A Decadência da Rádio Cultura FM
A Rádio Cultura FM (103.3) é a melhor rádio do mundo. Quem duvida, ouça as semelhantes do mundo, via internet, e tire suas conclusões. Mas de um tempo para cá, graças a uma nova diretoria, o nível está baixando pouco a pouco.
No início, pensei que pudesse ser implicância minha. Depois, comecei a ouvir opiniões semelhantes de todas as (poucas) pessoas que eu conheço que escutam a rádio e li alguns artigos sobre isso na internet.
Já no site da Rádio, dizem que a programação está melhor que nunca, corroborados pela opinião de supostos notáveis (não pelo conhecimento musical), e comemoram o aumento da audiência (a que preço?, ou melhor, a que ganho?).
Dou a seguir os sintomas mais evidentes do problema.
Intervalos Comerciais
A Rádio já chegou a ponto de colocar intervalos no centro de programas de 1 hora. Ou seja, se eu quiser escutar o Pianíssimo, do Gilberto Tinetti, eu tenho que escutar o Pianí-intervalocomercial-ssimo. Obras com mais de 25 min? Nem pensar. Já já, comerciais irão interromper as obras, como nos filmes na TV, ou serão narrados sobre as obras, como nos seriados da TV a cabo.

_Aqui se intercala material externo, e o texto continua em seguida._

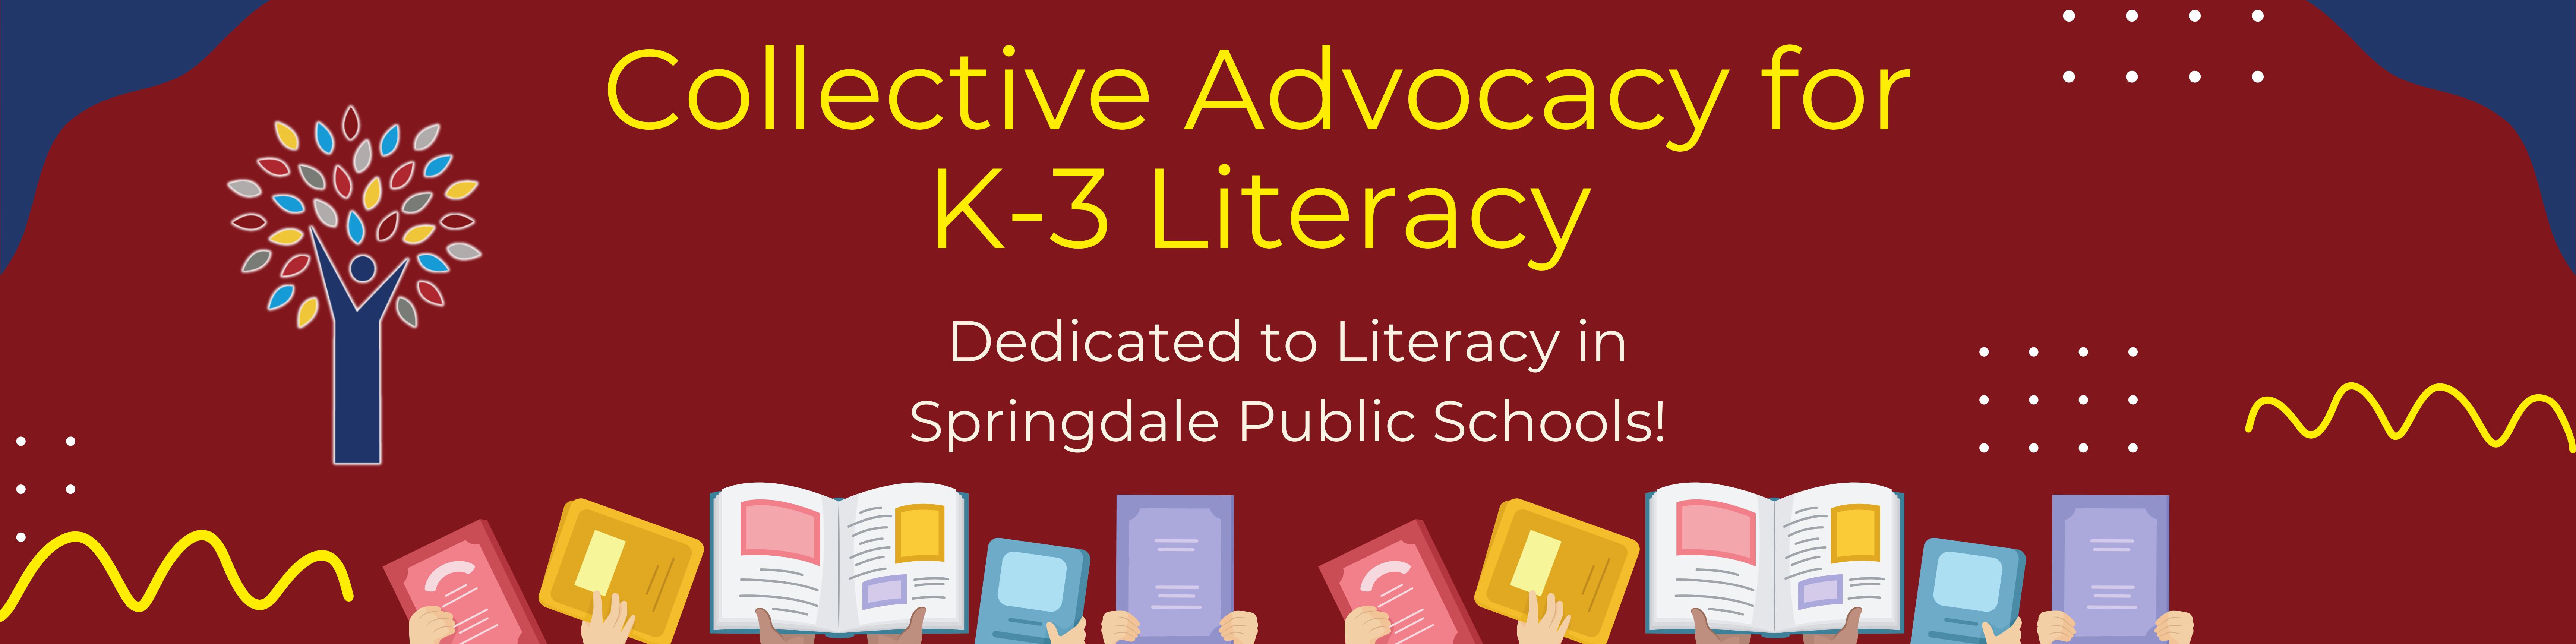 Collective Advocacy for K-3 Literacy. Dedicated to Literacy in Springdale Public Schools.

Mais preocupante: programas patrocinados por produtos. Falarei disto adiante.
“Renovação” da Programação
Eliminação de excelentes programas como, por exemplo, Bulevar Cultura e Música Impossível, e apresentadores competentes como Marta Fonterrada, Cyntia Gusmão, Dante Pignatari e Ruggero Ruschioni.
O acréscimo de programas sofríveis como, por exemplo, Cinema Falado (ofensa para quem gosta de cinema), Estação Cultura e Sábado Perfeito, e apresentadores como Gioconda Bordon, Fábio Malavoglia, além de mais um programa com Salomão Schvartzman.
As trocas do Bulevar (o maestro Lourenção tocava de Bach a Nono, de Nancarrow a Marsicano) com o Estação (que junto com o Diário da Manhã, forma o díptico para o yuppie estressado no trânsito) e da simpática Marta (saudades) com a caricatura impressionista (no pior sentido possível) Fábio, são inacreditáveis.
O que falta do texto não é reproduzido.